1. Create Translation Tables: Define the translation tables in memory. Each entry in the table maps a virtual address to a physical address and specifies memory attributes such as cacheability and shareability. For example, to map a 1GB region of DDR memory starting at physical address 0x80000000, the following entry can be used:

// Define the translation table entry
MOV X0, #0x80000000
ORR X0, X0, #0x3 // Set the entry to a block descriptor with read/write permissions
STR X0, [X1, #0] // Store the entry in the translation table

2. Enable the MMU: Configure the Translation Table Base Register (TTBR0_EL1) to point to the translation tables and enable the MMU by setting the appropriate bits in the System Control Register (SCTLR_EL1). The following code snippet demonstrates how to enable the MMU:

// Set TTBR0_EL1 to point to the translation tables
MOV X0, #0x8000
MSR TTBR0_EL1, X0

// Enable the MMU by setting the M bit in SCTLR_EL1
MRS X0, SCTLR_EL1
ORR X0, X0, #0x1
MSR SCTLR_EL1, X0

Step 3: Initialize the i.MX8qm Memory Map

Finally, ensure that the i.MX8qm’s memory map is correctly initialized. This includes configuring the DDR controller, initializing the OCRAM, and mapping the peripheral registers in the MMU translation tables. The following steps outline the process:

1. Configure the DDR Controller: The DDR controller must be configured to initialize the DDR memory. This involves setting the appropriate registers in the DDR controller to define the memory size, timing parameters, and other configuration options. Refer to the i.MX8qm reference manual for the specific register settings.

2. Initialize the OCRAM: The OCRAM (On-Chip RAM) must be initialized before it can be used. This involves setting the appropriate registers in the OCRAM controller to enable the memory region and define its size.
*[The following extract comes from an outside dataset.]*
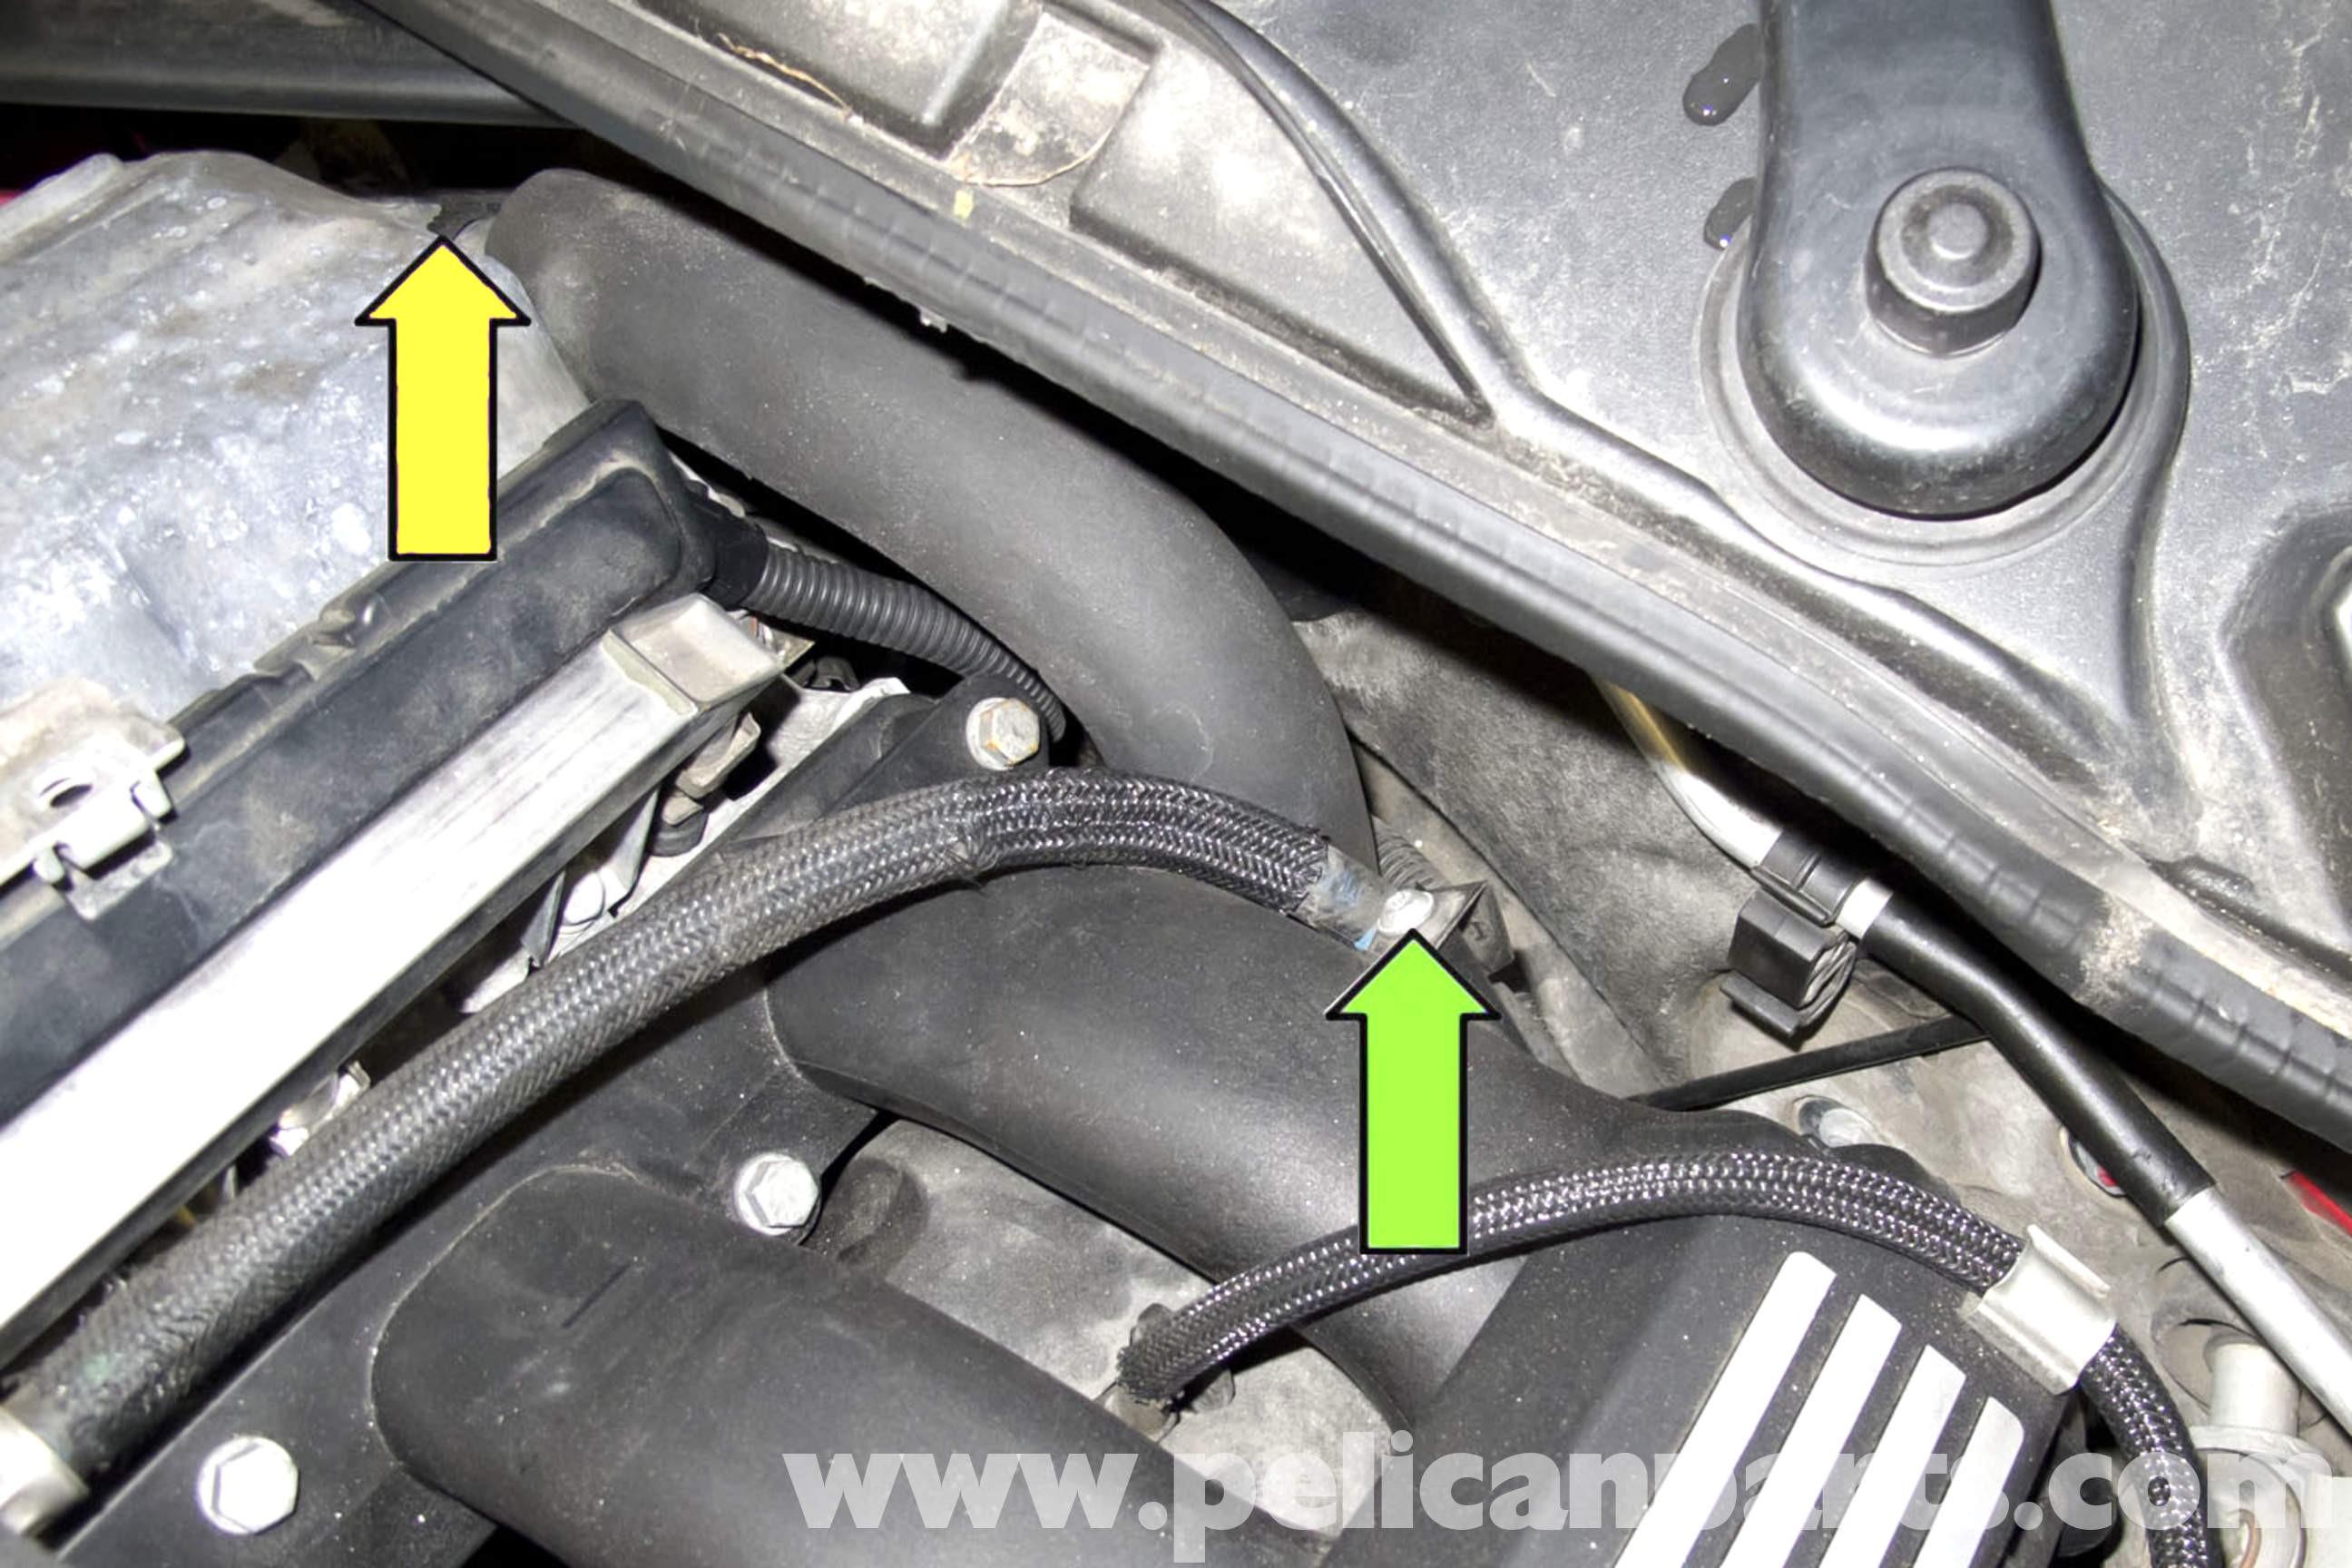 2008 Bmw 328i Engine Diagram Bmw E90 Intake Manifold Replacement E91 E92 E93 Of 2008 Bmw 328i Engine Diagram

3. Map Peripheral Registers: The peripheral registers must be mapped in the MMU translation tables to allow access to the peripherals. This involves creating entries in the translation tables for each peripheral region and defining the appropriate memory attributes.

By following these steps, the segfault issue in the baremetal bootloader implementation on the ARM Cortex-A53 can be resolved, ensuring stable and reliable execution of the bootloader and application code.